§ AIM OF THE EXERCISE:
Return the data below unchanged. Drop any pictures.

§ MATERIAL PROVIDED:
------------

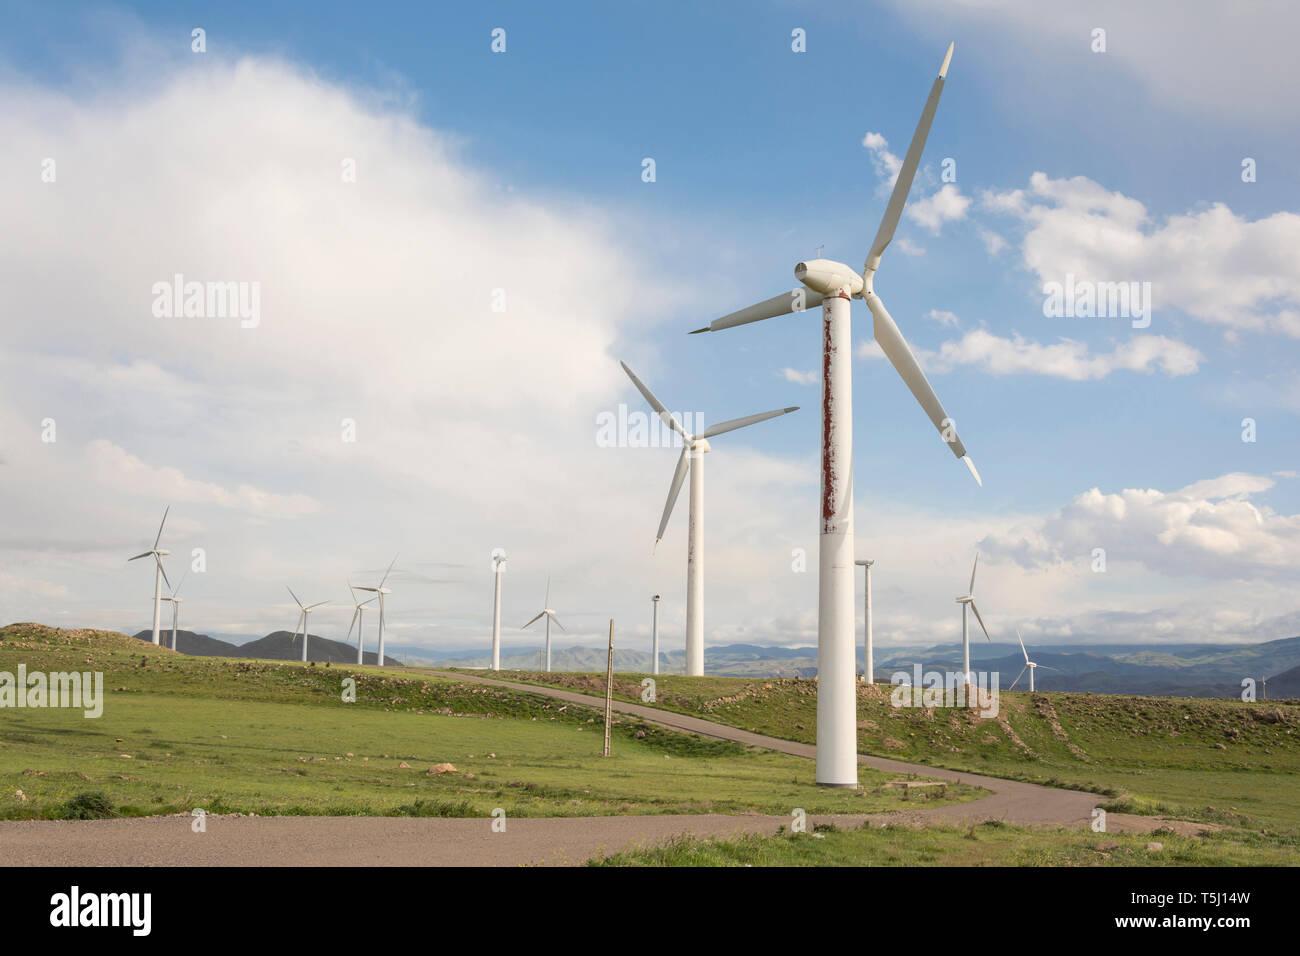 Windmills farm, modern power generation technology, environmentally friendly electricity production - Stock Image
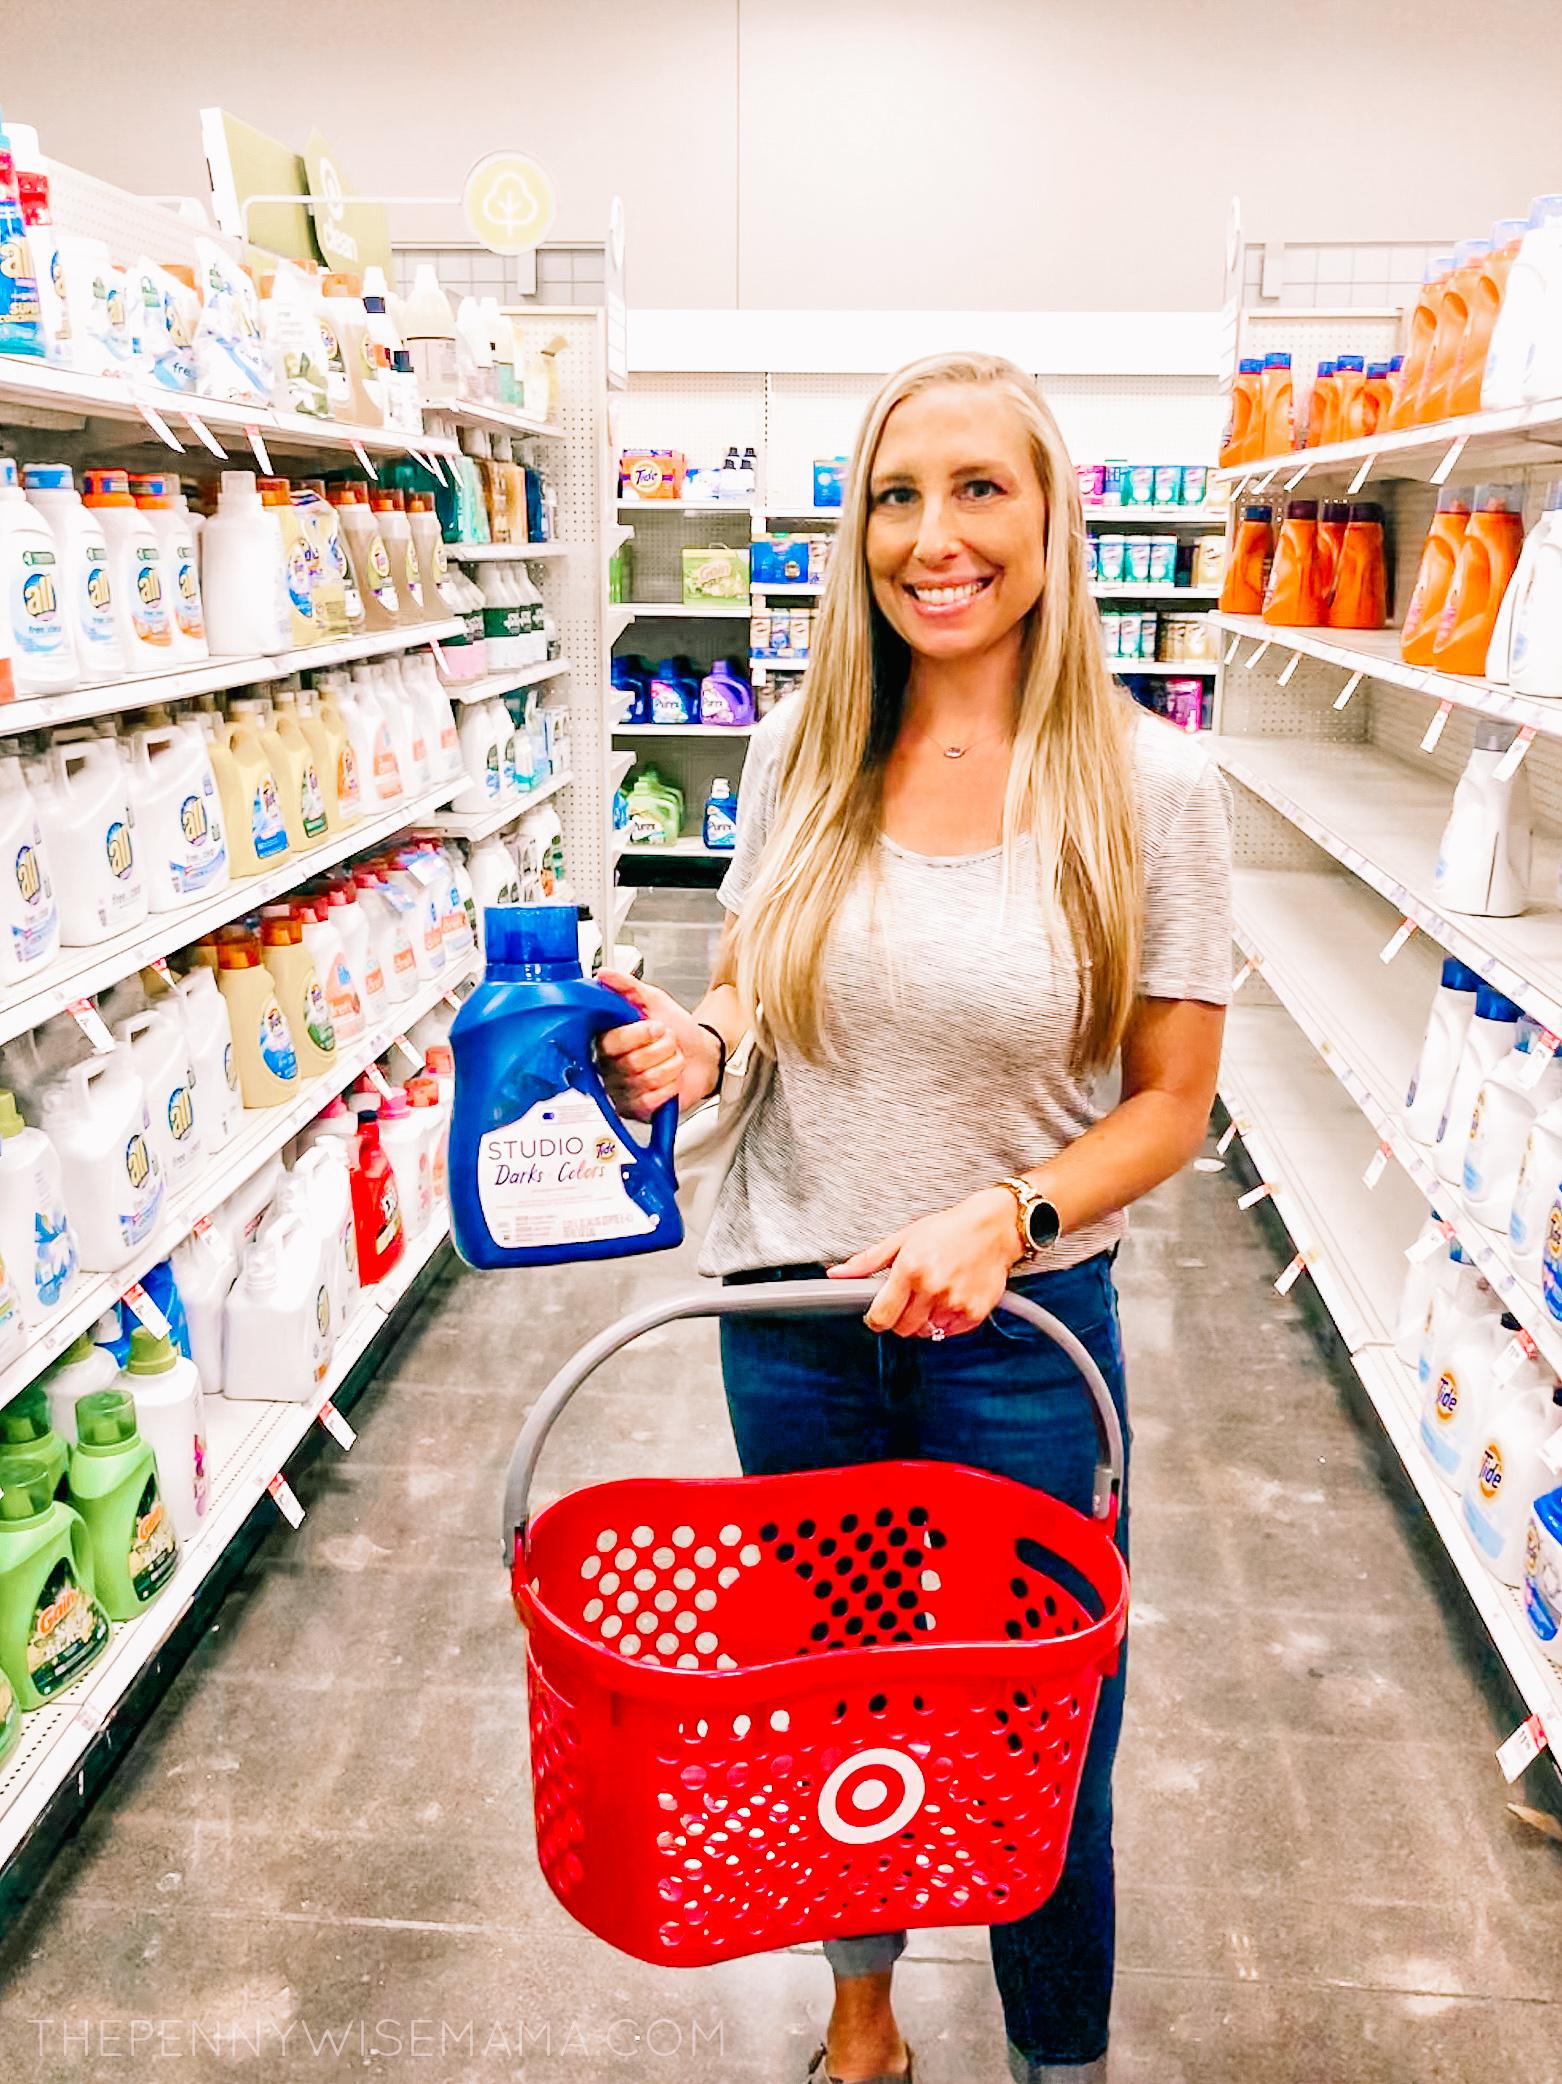 NEW Tide Studio Darks & Colors Laundry Detergent at Target
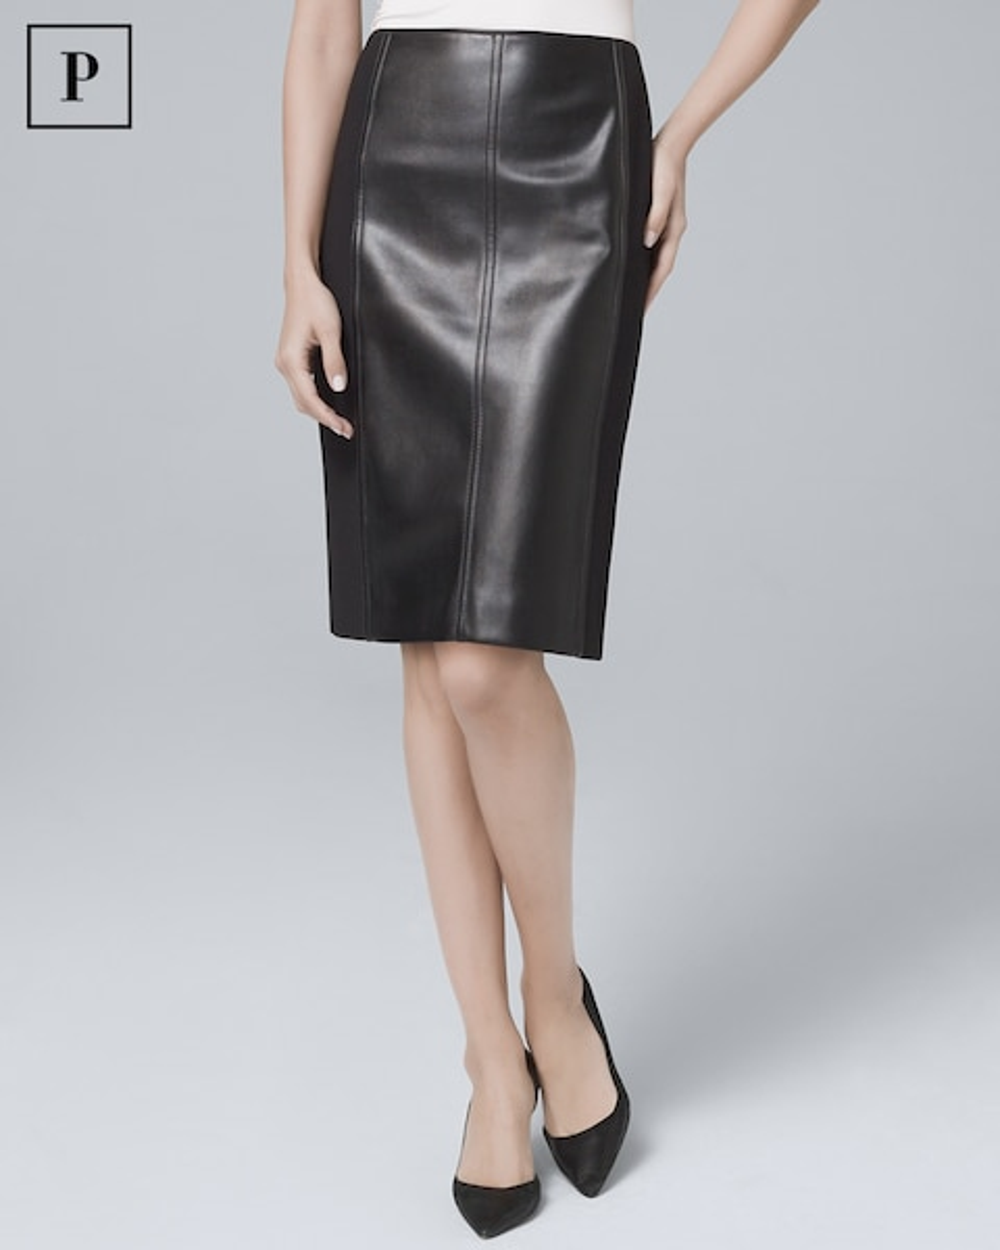 0d224179fd Petite Faux Leather & Ponte Knit Boot Skirt - White House Black Market

------------

§ FINISHED TASK:
 Windmills farm, modern power generation technology, environmentally friendly electricity production - Stock Image
 NEW Tide Studio Darks & Colors Laundry Detergent at Target
 0d224179fd Petite Faux Leather & Ponte Knit Boot Skirt - White House Black Market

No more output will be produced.